喜歡做我的肉便器,**套子是不是(虐乳,**尿羞辱,**進子宮)
外麵下了小雨,溫度降的極低,肉包趴在巨大的落地窗前看雨,楊懷鬱在床上摟著江尋翻找口紅,“今天到哪一隻了?”
“到……這支豆沙色的了對嗎?”楊懷鬱拿起一隻口紅對著他的嘴唇,“江叔,把嘴巴張開。”

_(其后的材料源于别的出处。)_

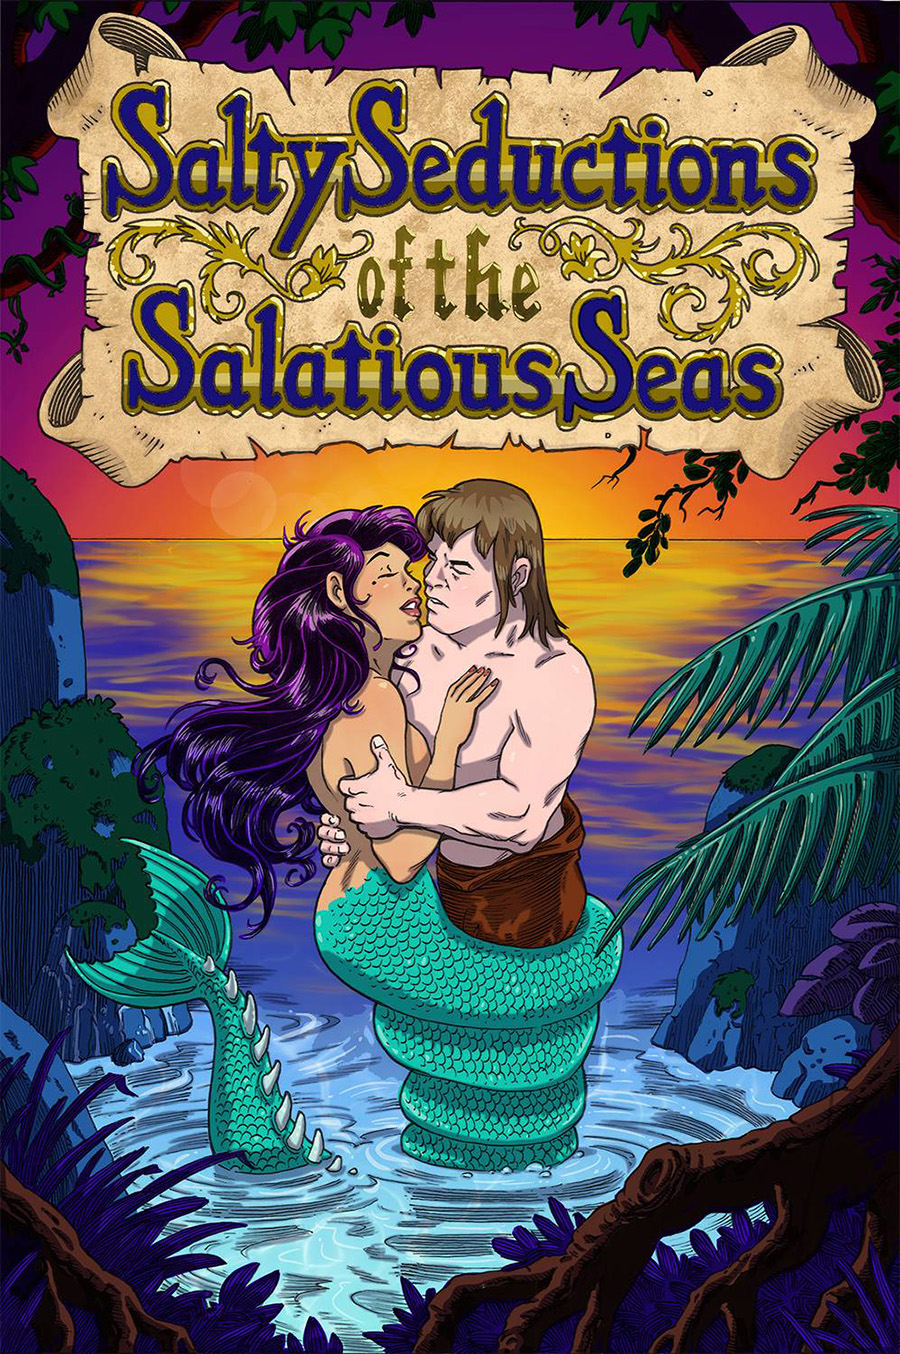 Salty Seductions Of The Salatious Seas

江尋渾身僵硬,乖乖張開嘴巴,楊懷鬱舉著口紅仔仔細細地幫他塗好,又誇他漂亮,誇這顏色很配他,顯得他很溫柔。
楊懷鬱摟著屬於他的江尋,將吻印在他的嘴唇上。
“江叔,你的嘴唇好軟,親起來好舒服。嘴巴再張開一點。”
“對,就是這樣,好乖”,楊懷鬱摟著他的腰,一隻手扣住他的後腦,吻的繾綣纏綿。
江尋張著嘴,口水都快來不及嚥下,他嘴都張累了,楊懷鬱還冇親夠。親的他口紅都快被吃完了,“你好香啊江叔”,楊懷鬱吮吸著他的嘴唇,親夠了又把臉埋在他胸前,像個變態一樣深吸了口氣。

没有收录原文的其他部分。